This blog post will explore 20 key facts and figures regarding global supply chain management, from revenue growth achieved by high performing companies through disruptions caused by COVID-19 and beyond.

We’ll also look at trends in digitization, automation, risk assessment practices as well as blockchain technology adoption within this sector. By understanding these stats better we can gain valuable insights into how our own organizations should approach their operations for maximum efficiency and profitability.
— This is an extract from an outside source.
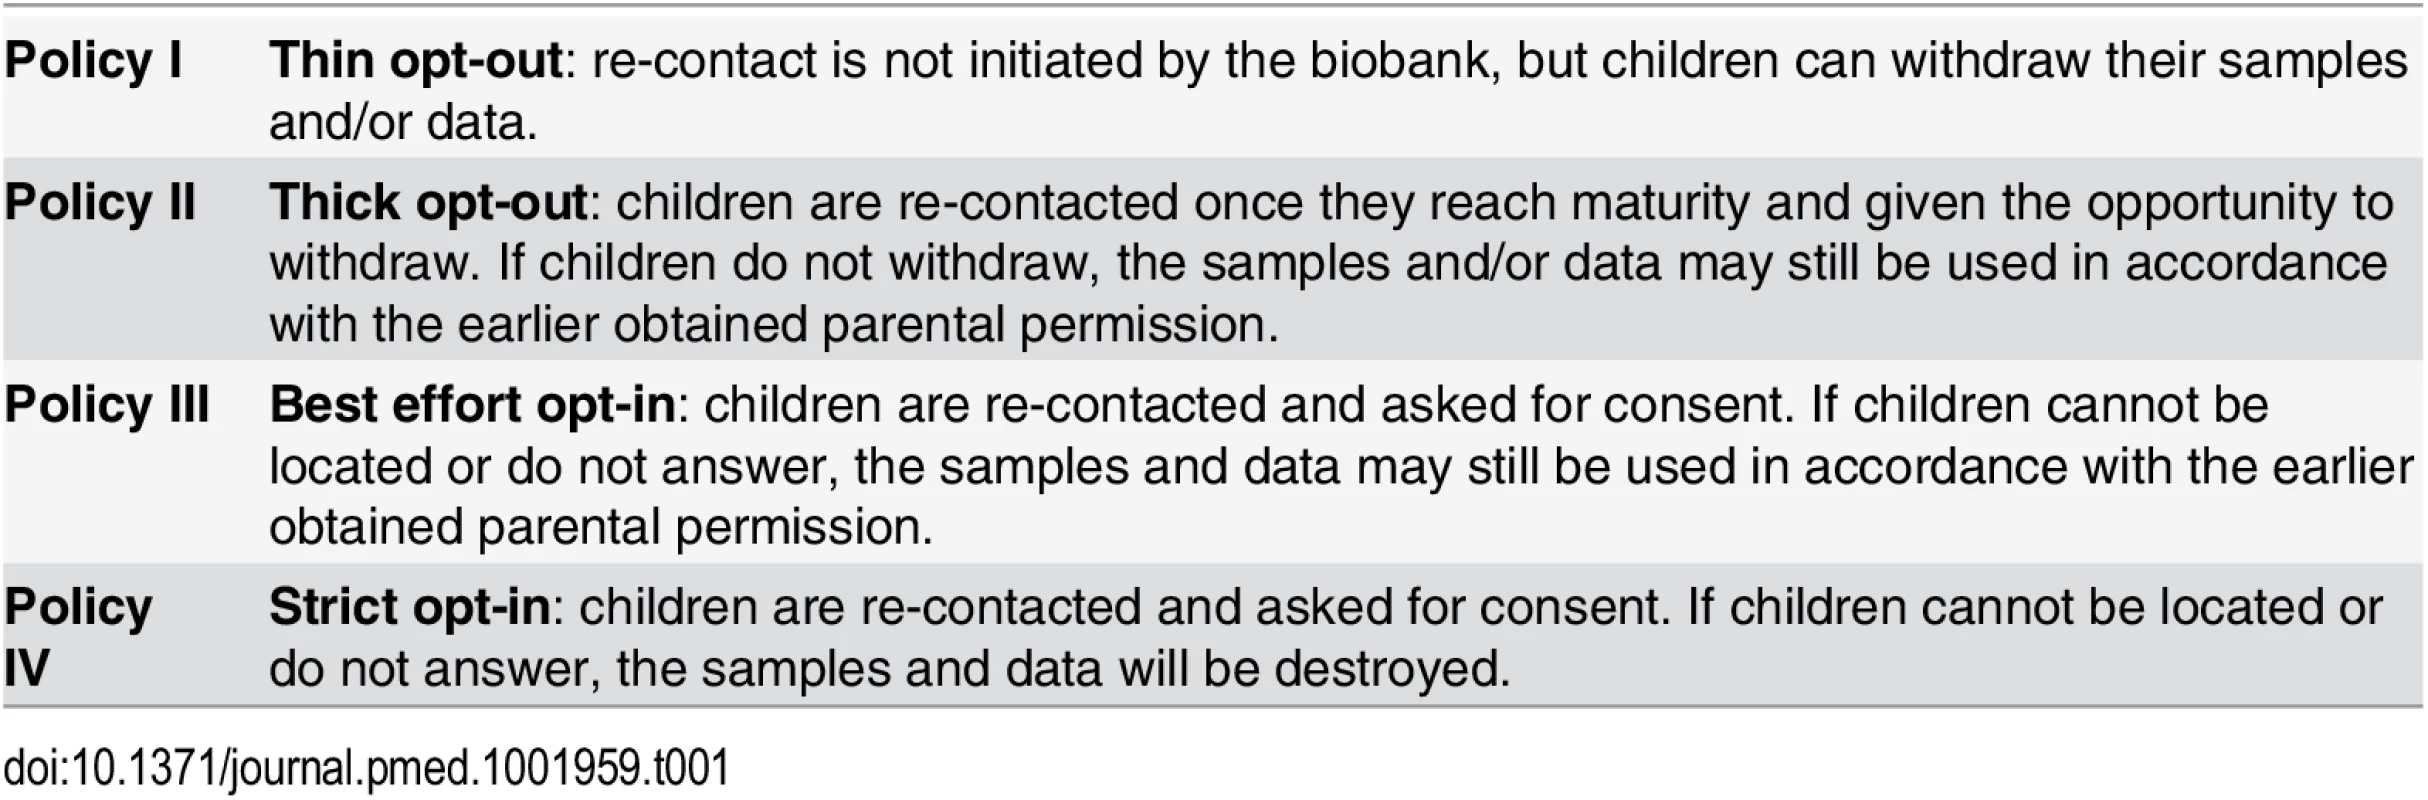 Re-contact policies for biobanks.

The Most Important Statistics
79% of companies with high-performing supply chains achieve better than average revenue growth within their industries. This statistic is a powerful indicator of the impact that a high-performing supply chain can have on a company’s bottom line. It demonstrates that investing in supply chain optimization can lead to increased revenue growth, which is a key goal for any business. As such, this statistic is an important one to consider when discussing the importance of supply chain management and its potential to drive success. Supply chain disruptions result in a 3-5% increase in expenses and a 7% decrease in sales. This statistic is a stark reminder of the financial implications of supply chain disruptions. It highlights the fact that not only do these disruptions lead to a decrease in sales, but they also result in an increase in expenses. This is a clear indication that supply chain disruptions can have a significant impact on a business’s bottom line.

Supply Chain Statistics Overview

Companies in the top-quartile for supply chain digitization have 20% lower operating costs and 11% greater EBIT.

This statistic is a powerful testament to the value of supply chain digitization. It shows that companies who have embraced digital solutions for their supply chain operations are reaping the rewards in the form of lower operating costs and higher profits. This is a compelling argument for businesses to invest in digital supply chain solutions and demonstrates the potential for significant cost savings and increased profitability.

Global supply chain management software revenues were estimated to be $15 billion in 2020.

This statistic is a testament to the immense value of supply chain management software in today’s world. It highlights the fact that businesses are increasingly relying on these solutions to streamline their operations and maximize efficiency. This is a clear indication that supply chain management software is becoming an integral part of the modern business landscape, and its importance is only expected to grow in the future.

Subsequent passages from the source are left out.